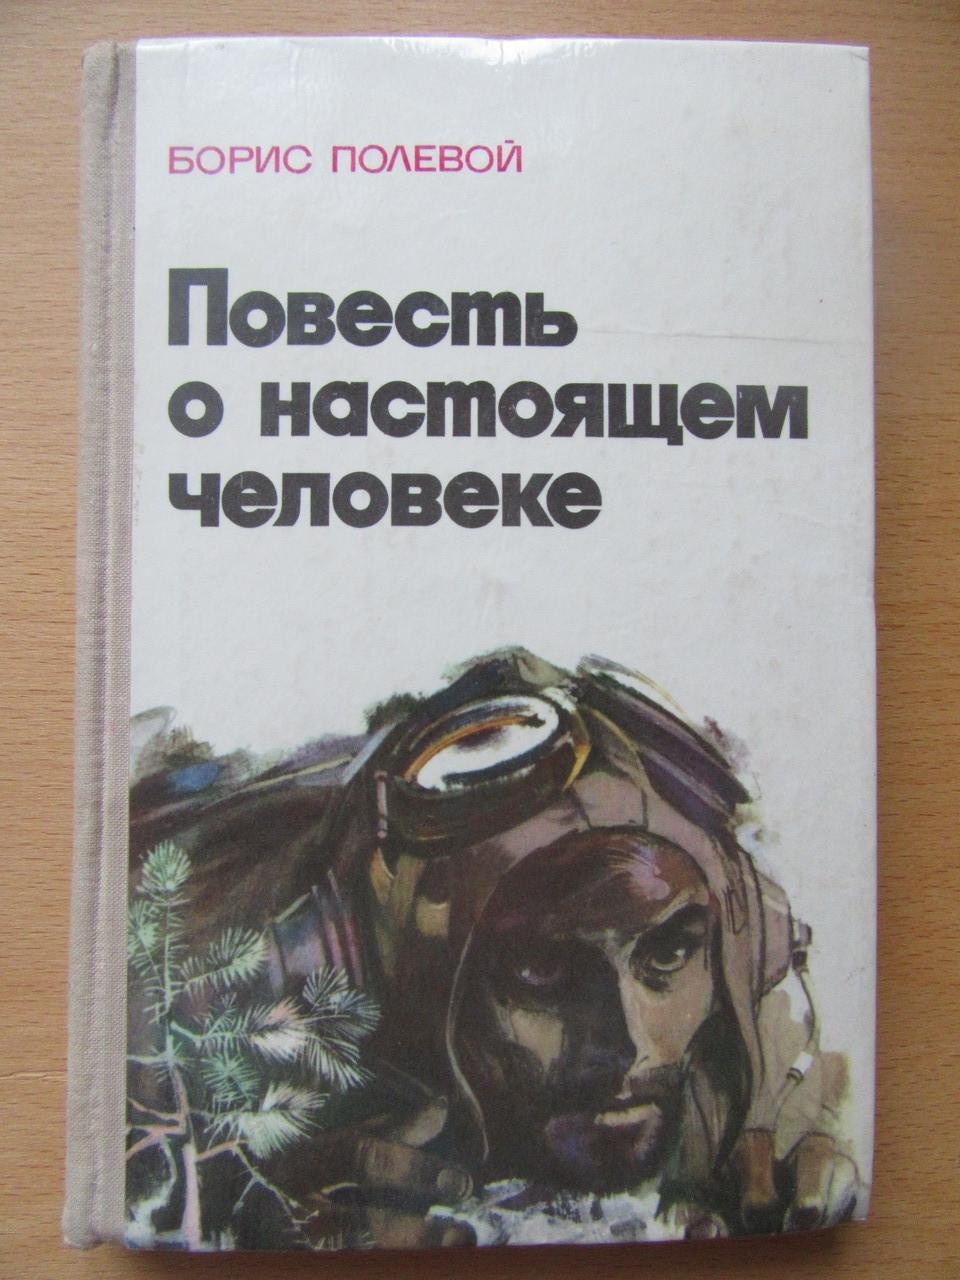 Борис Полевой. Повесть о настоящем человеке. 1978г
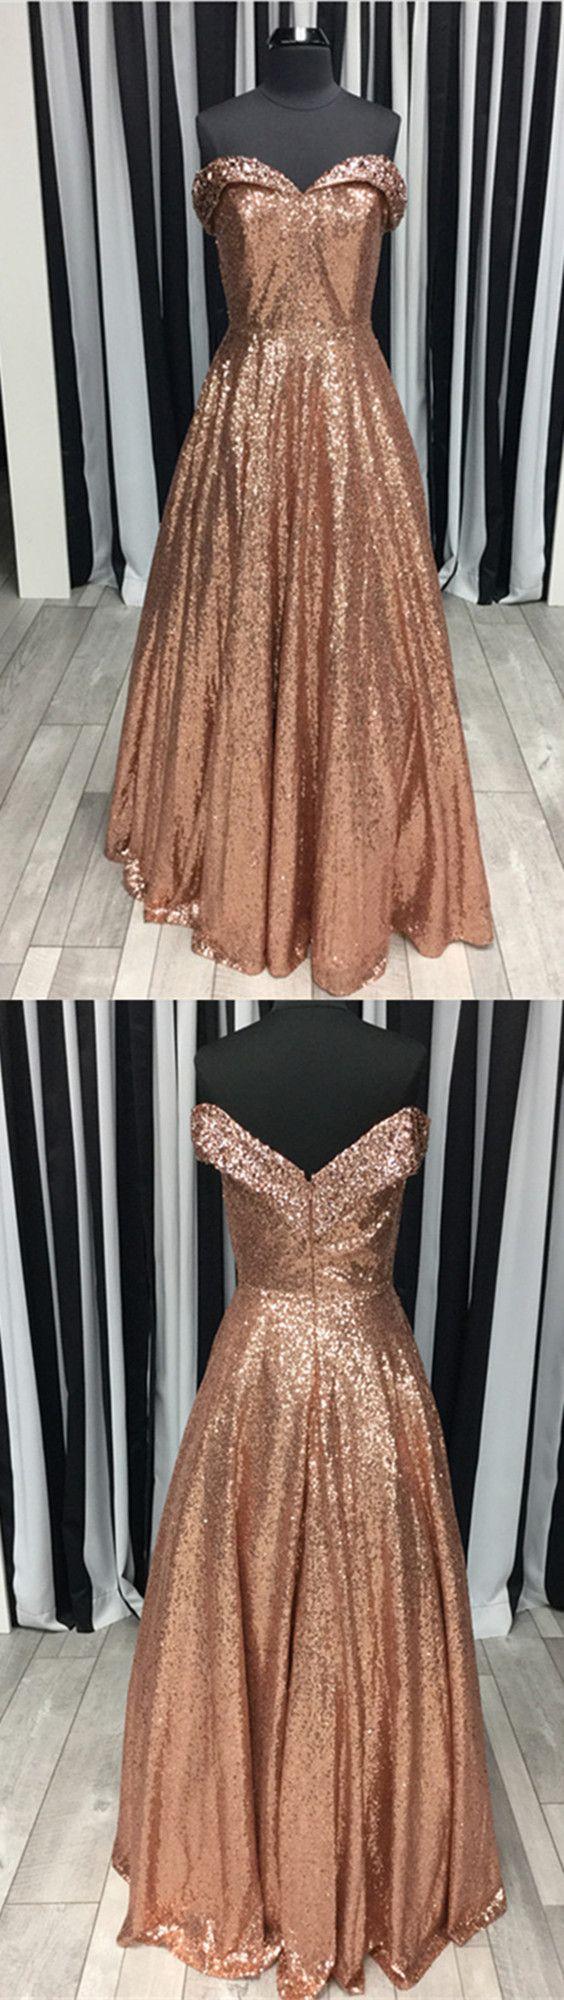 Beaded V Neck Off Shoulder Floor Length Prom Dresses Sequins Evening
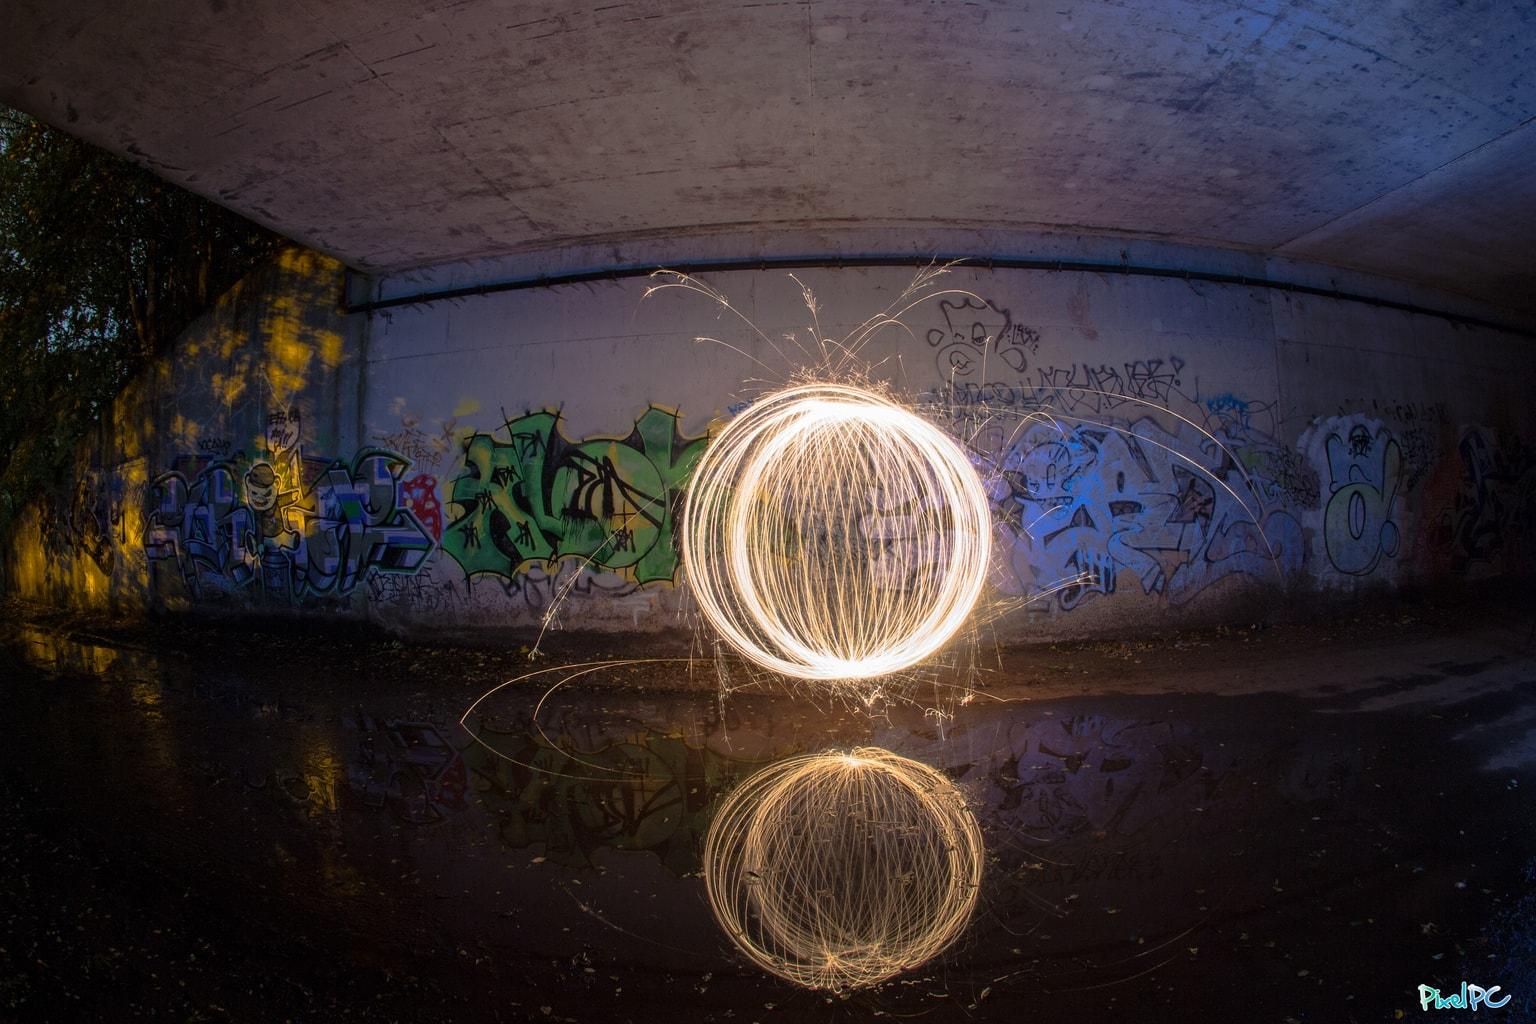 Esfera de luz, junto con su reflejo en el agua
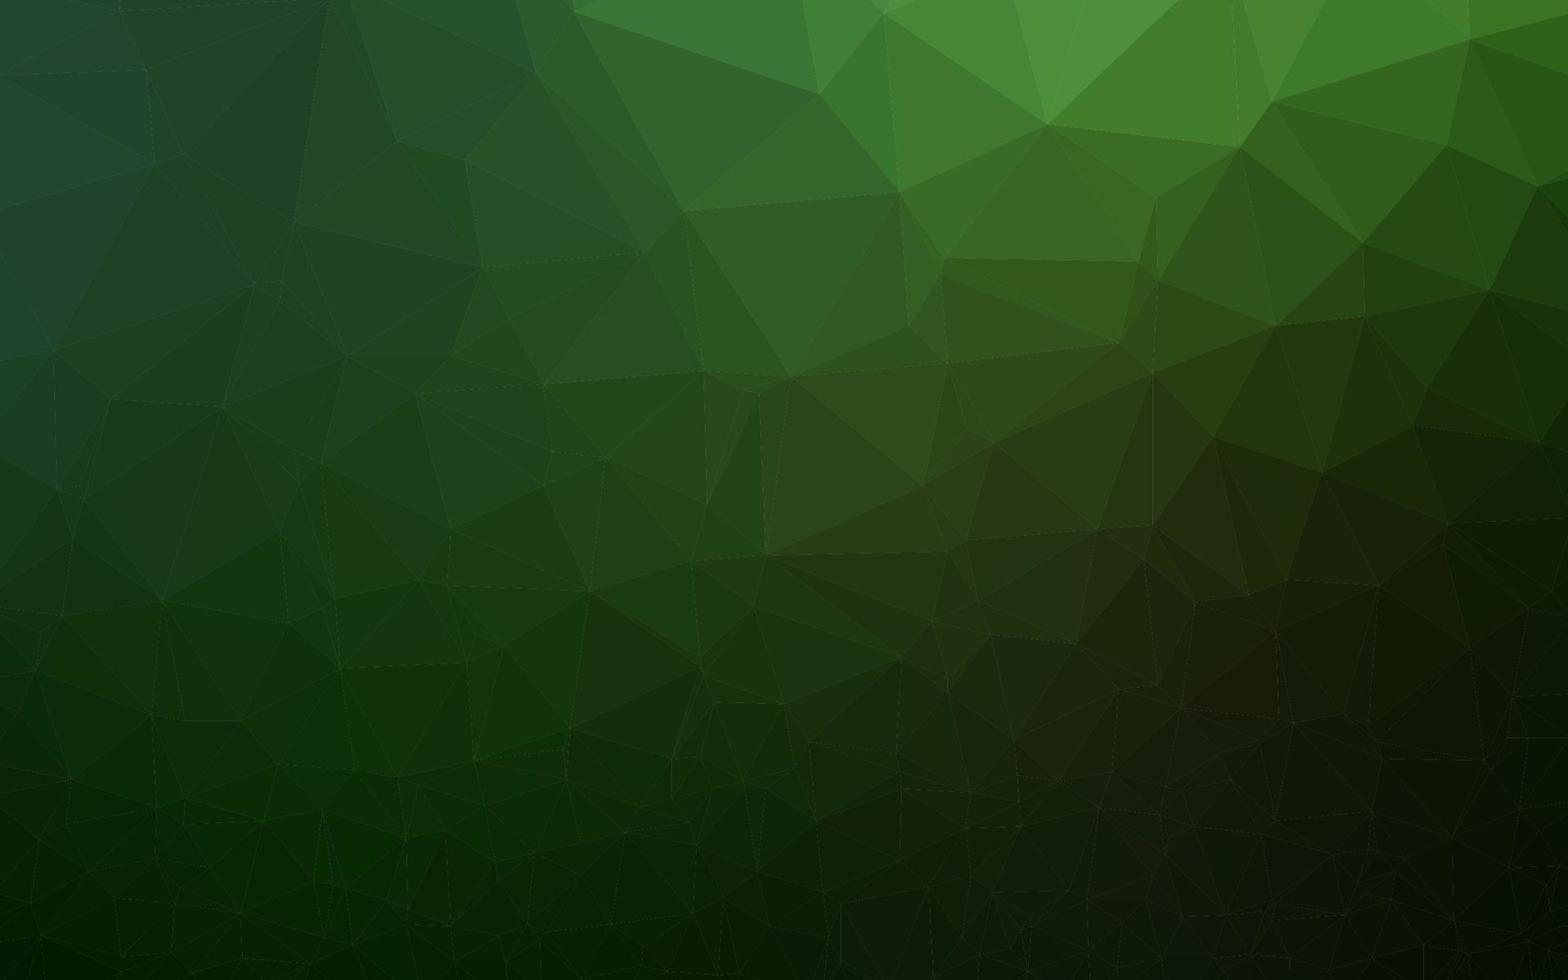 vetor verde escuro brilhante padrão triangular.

•••

## Description of the task
Repeat the material exactly. Skip the images.

## Result
 Борис Полевой. Повесть о настоящем человеке. 1978г
 Beaded V Neck Off Shoulder Floor Length Prom Dresses Sequins Evening
 Esfera de luz, junto con su reflejo en el agua
 vetor verde escuro brilhante padrão triangular.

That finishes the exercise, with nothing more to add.